Time frame: At completion of therapy, assessed up to 2 years
Overall response rate (complete response + partial response)
Will monitor the overall response using the Bayesian stopping boundaries calculated based on beta-binomial distributions, and 95% confidence intervals will be calculated. Fisher's exact test will be used to evaluate the association between response and other categorical patient variables. T-test or Wilcoxon rank sum test will be used to evaluate the difference in continuous variables between responders and non-responders.

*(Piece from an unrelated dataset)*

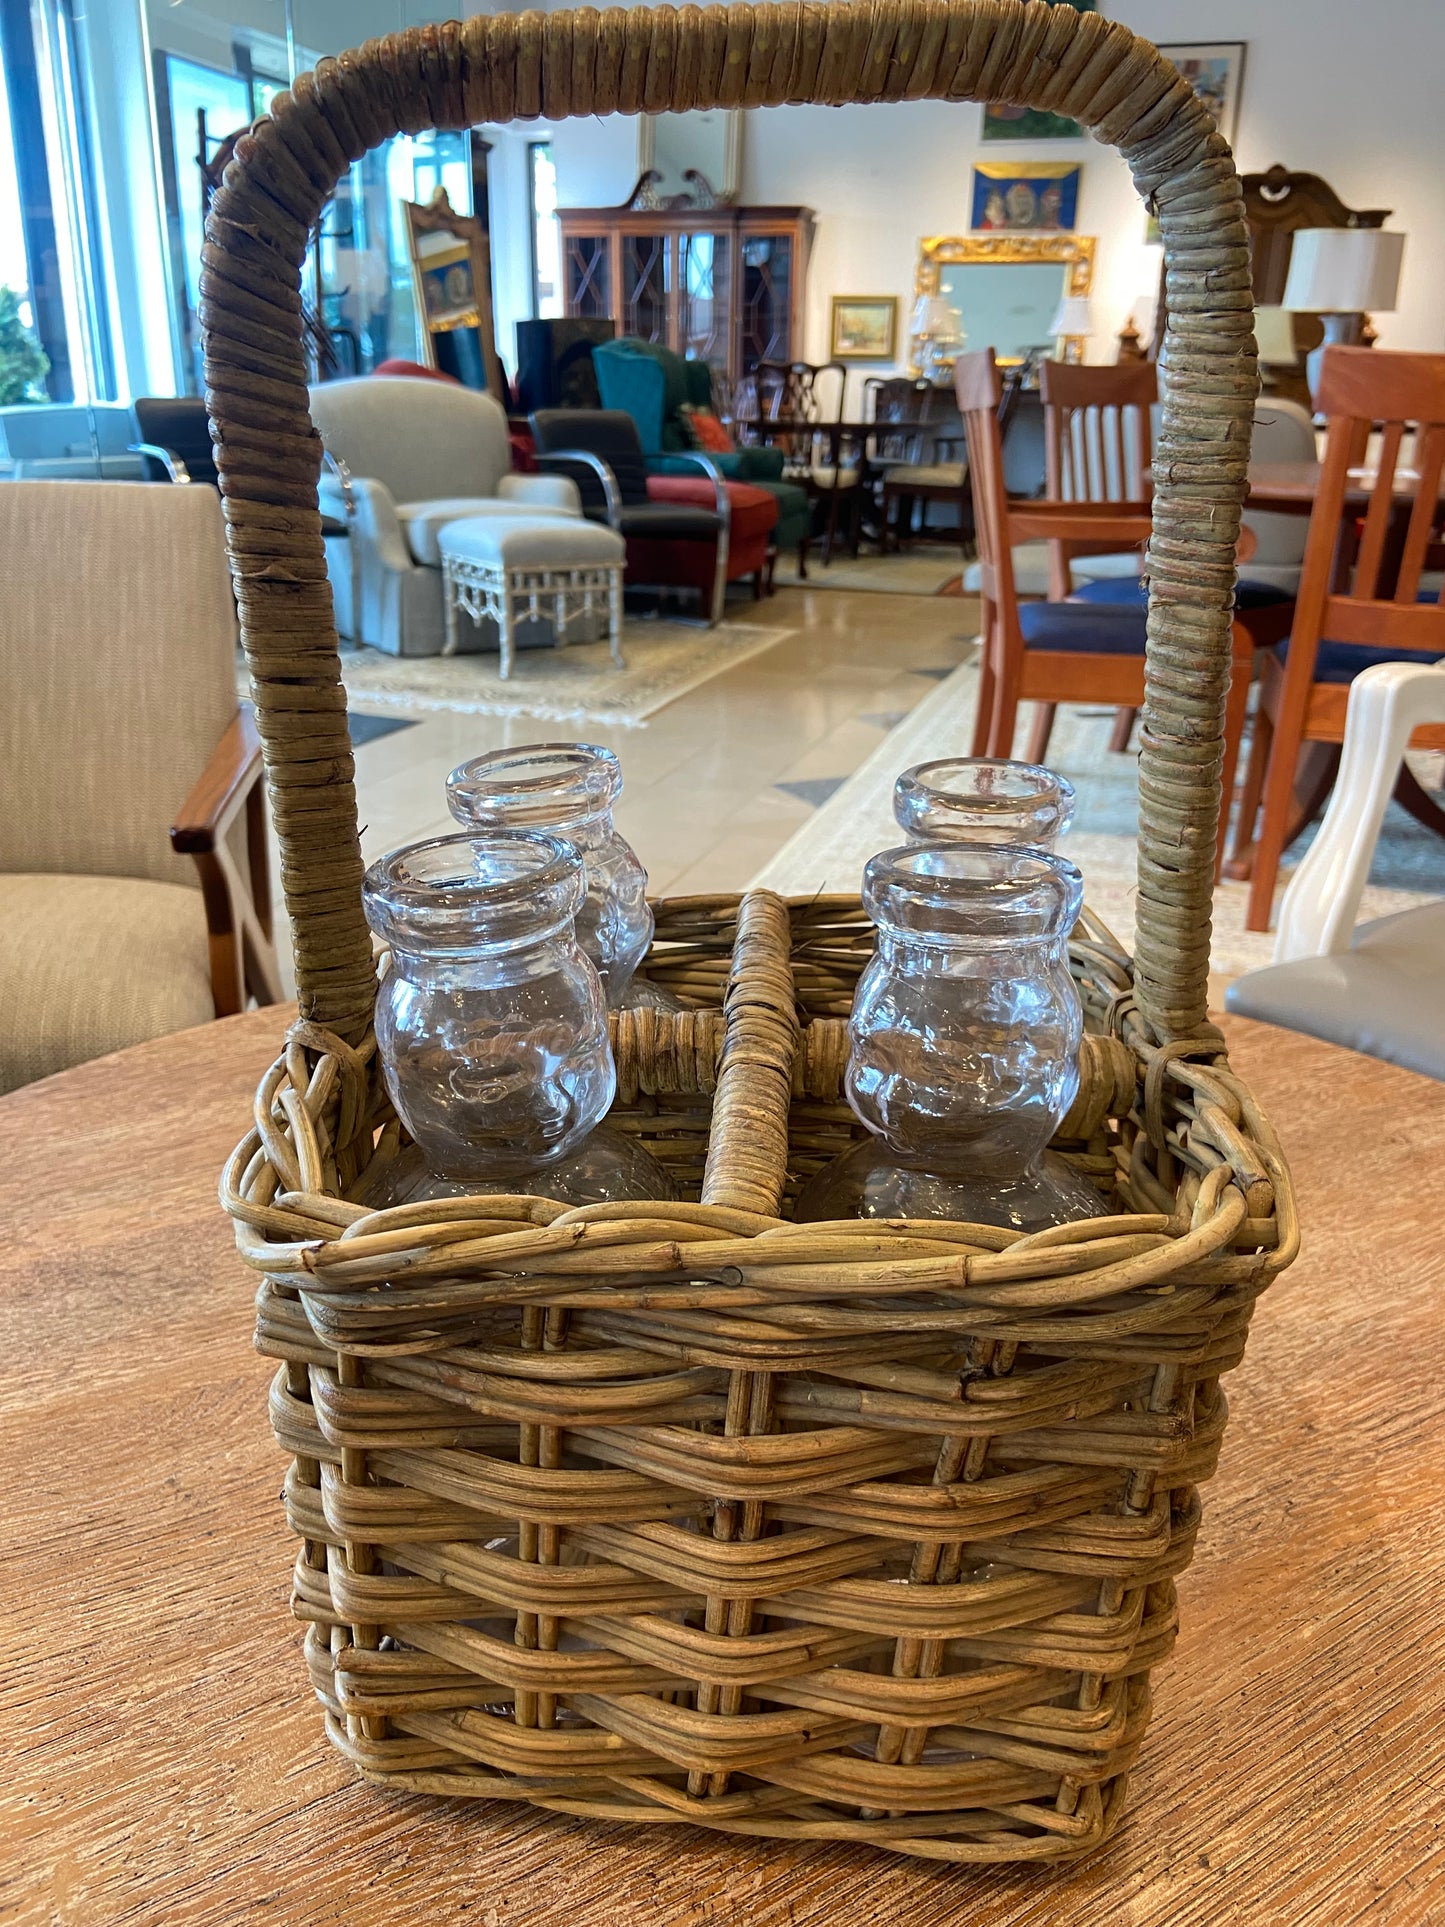 Basket with Four Babyhead Bottles (24298)

Time frame: Up to 2 cycles of brentuximab vedotin and nivolumab (1 cycle = 21 days)
1-year progression-free survival
Will be estimated using the method of Kaplan and Meier.
Time frame: From study entry to objective disease progression or death from any cause, whichever occurs first, assessed at 1 year
2 -year progression-free survival
Will be estimated using the method of Kaplan and Meier.
Time frame: From study entry to objective disease progression or death from any cause, whichever occurs first, assessed at 2 years
1-year overall survival
Will be estimated using the method of Kaplan and Meier.
Time frame: From study entry to death from any cause, assessed at 1 year
2-year overall survival
Will be estimated using the method of Kaplan and Meier.
Time frame: From study entry to death from any cause, assessed at 2 years
Duration of response
Time frame: Up to 2 years post-treatment
Incidence of adverse events
Will be summarized by frequency tables for all patients.
Time frame: Up to 100 days of the last dose of the study drug
Health-related quality of life
Will be assessed by the European Organization of Research and Treatment of Cancer Quality of Life Questionnaire - Core (C) 30 (EORTC QLQ-C30).